Repeat exactly what runs from the line with "san francisco museum" through the last line of the material, and keep the pictures out of it.

** The data **
################

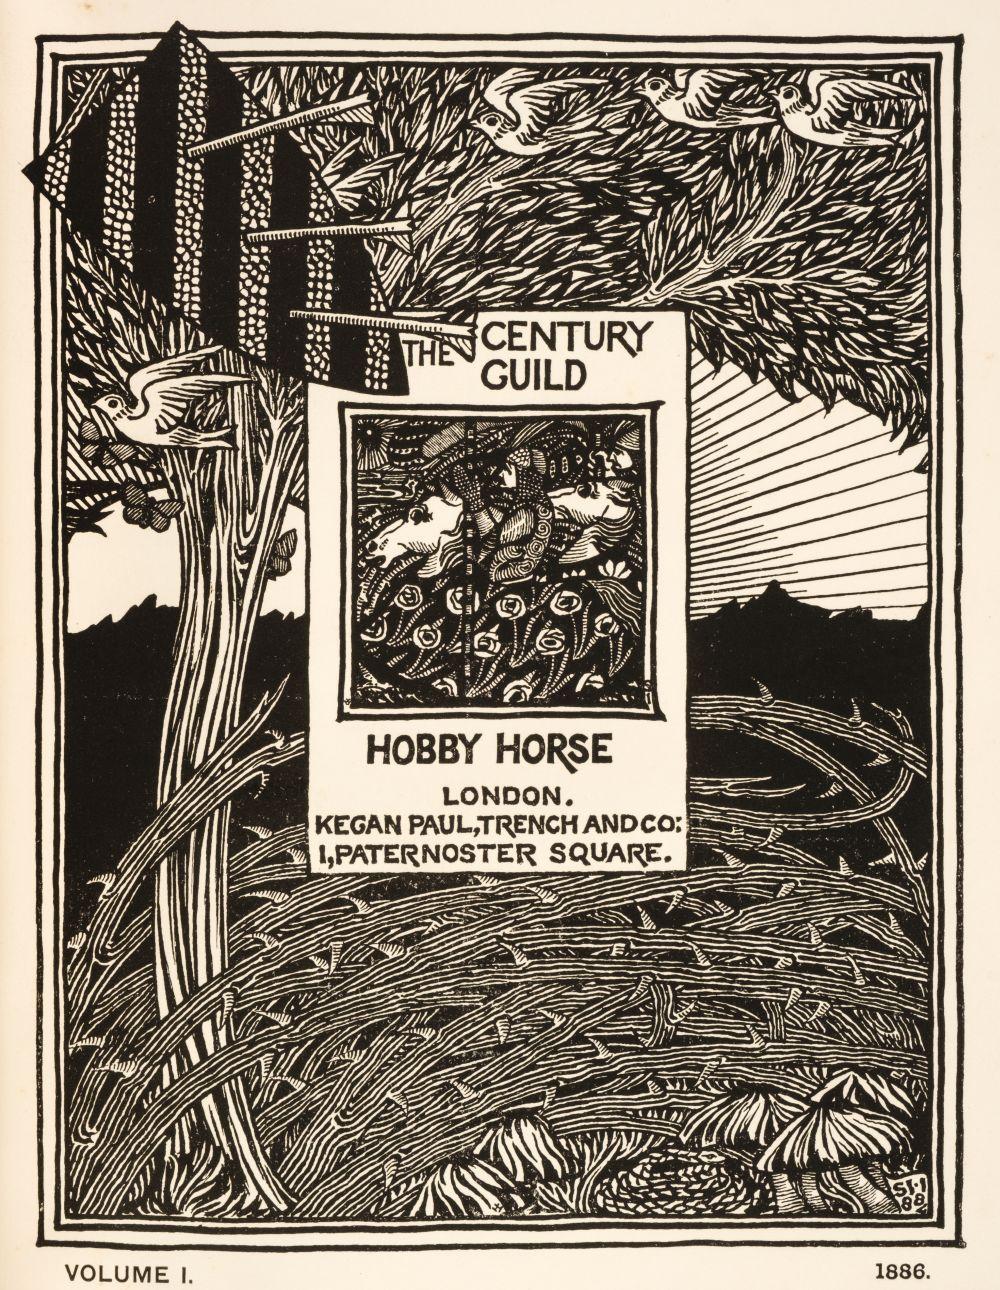 Mackmurdo (A.H., et al., editors). The Century Guild Hobby Horse, 7 vols...
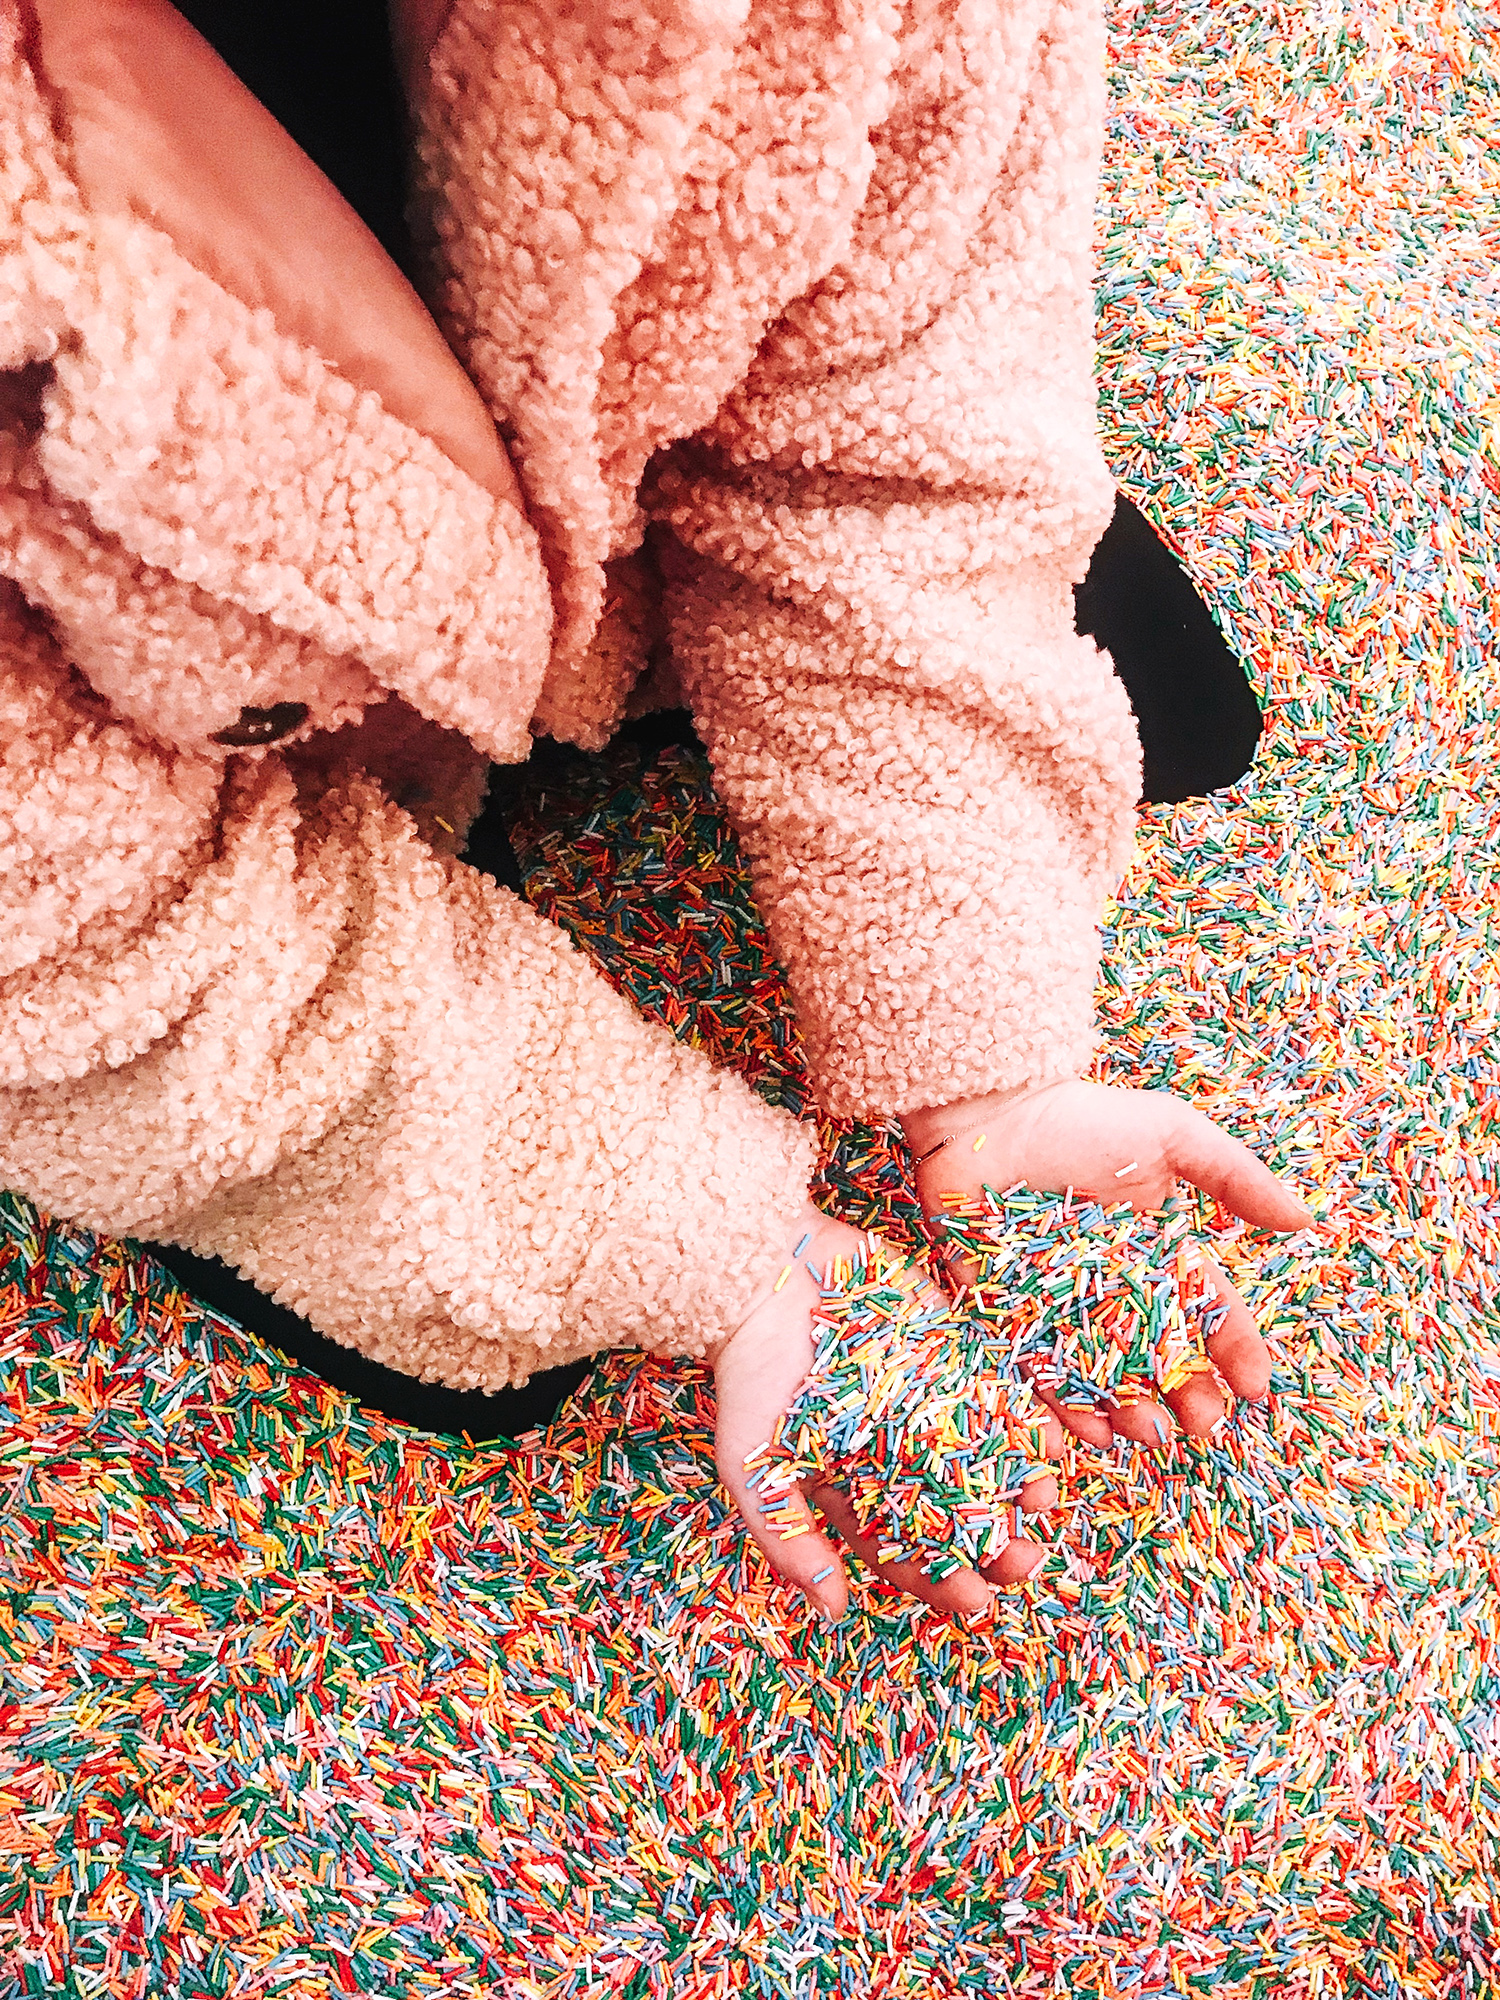 san francisco museum of ice cream girl in pool of sprinkles
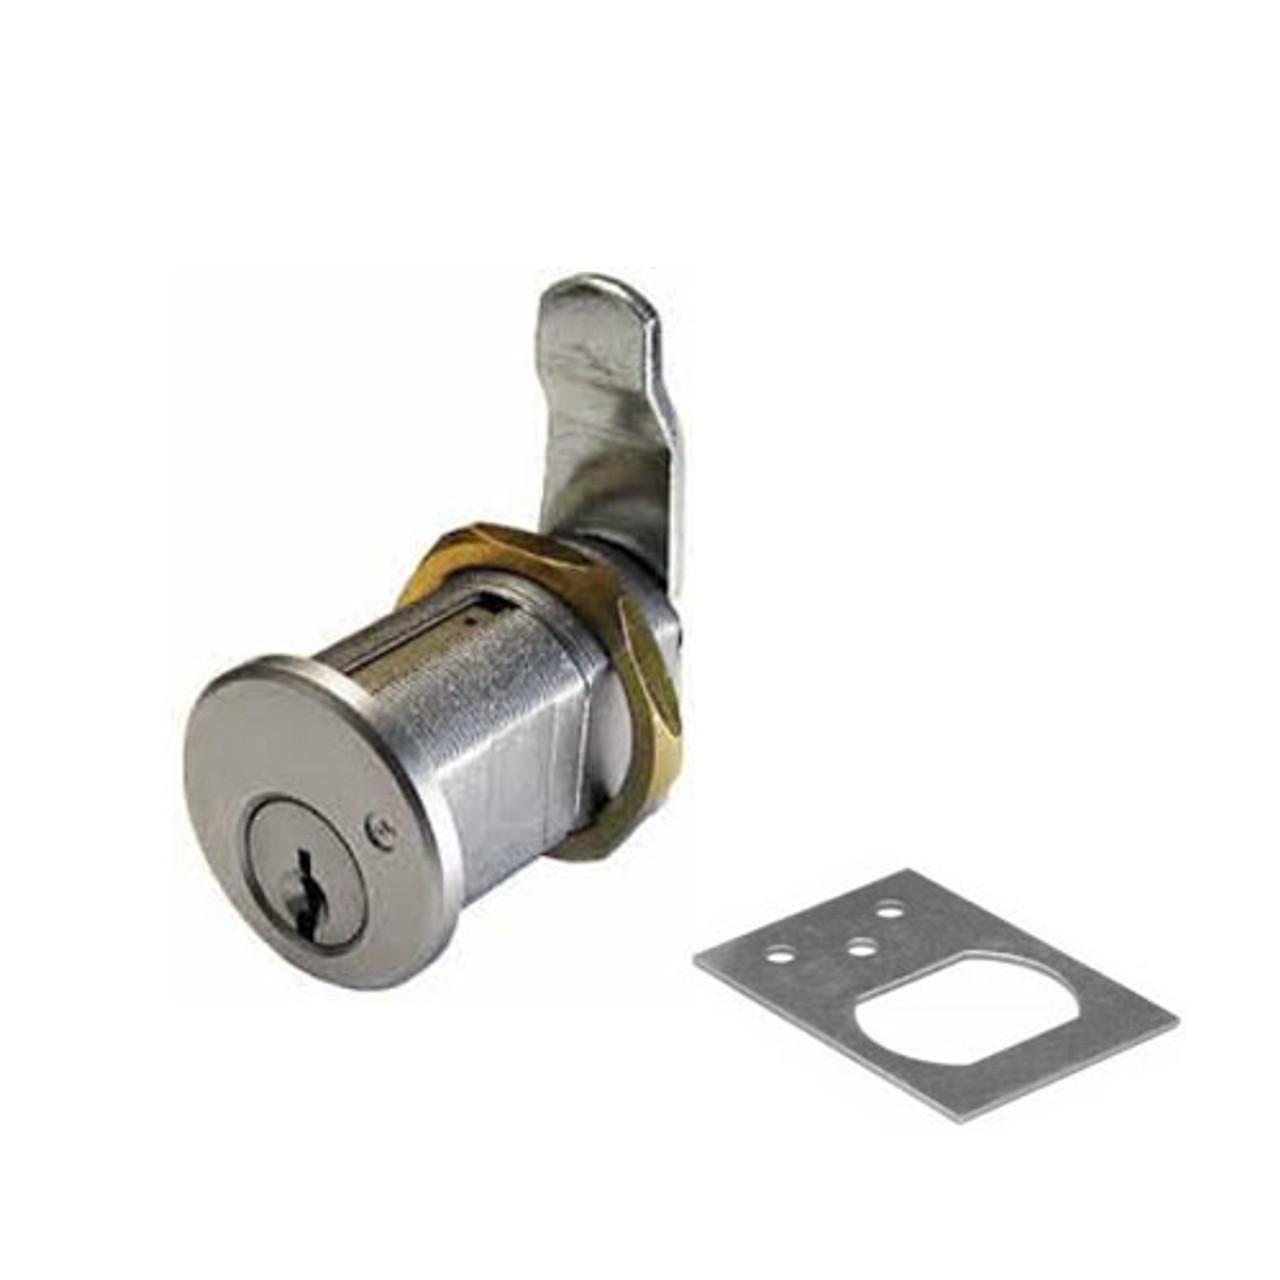 Olympus 820S-KD-26D Cam Locks in Satin Chrome Finish

################

** Answer section **
 san francisco museum of ice cream girl in pool of sprinkles
 Olympus 820S-KD-26D Cam Locks in Satin Chrome Finish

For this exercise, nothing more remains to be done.